8. Event Publication (Outbox Pattern)

A RunCompleted event is inserted into the outbox:

outbox.status = pending

A publisher process:

pending → published
↘ failed (retry)

This ensures reliable, at-least-once delivery.

State Machines

Run Lifecycle

pending → running → finalizing → completed
↘ failed
↘ cancelled

Execution Lifecycle

pending → running → completed
↘ retry_scheduled → running
↘ failed
↘ timed_out
↘ cancelled

Attempt Lifecycle

pending → running → completed
↘ failed_agent_call
↘ failed_evaluation
↘ timed_out
↘ cancelled
↘ stale

Key Design Properties

1. Append-only evaluator results

Evaluator outputs are never updated, only inserted. This provides:

  • auditability
  • reproducibility
  • traceability

2. Separation of state vs evidence

  • state tables (runs, executions, attempts) are mutable
  • evaluator results are immutable facts

3. Idempotent finalization

Multiple workers may attempt to finalize a run.

The system ensures:

  • only one finalization succeeds
  • duplicate attempts are safe

4. Retry-safe execution

Executions may have multiple attempts.

Only the most recent non-stale attempt is authoritative.

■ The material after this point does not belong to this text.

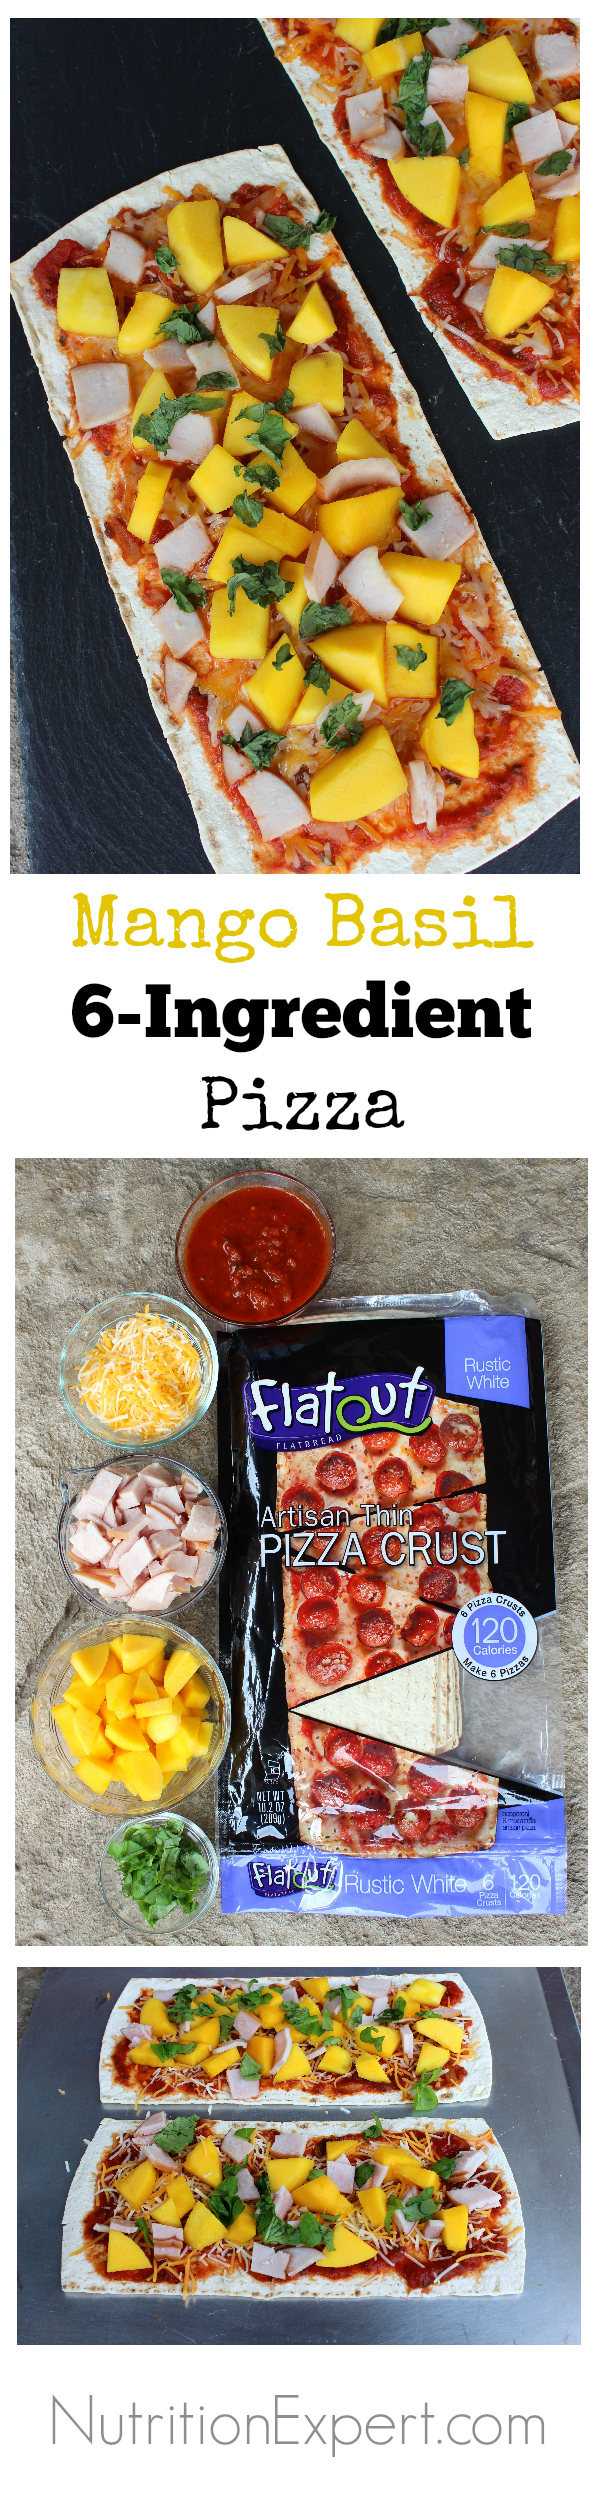 Mango Basil 6-Ingredient Pizza

5. Reliable event delivery

The outbox pattern ensures:

  • no lost events
  • retryable publishing
  • eventual consistency

Design Philosophy

Agent Vigilo evaluates the behavior of a target system, not just a model.

An "agent" may represent:

  • a single model call
  • a prompt pipeline
  • a multi-step workflow
  • a deployed HTTP service

The evaluation system treats all targets uniformly via a versioned invocation interface.

Summary

The system is designed to:

  • handle distributed execution safely
  • tolerate worker failure and retries
  • preserve evaluation evidence
  • produce deterministic, policy-driven outcomes
  • reliably signal completion to downstream systems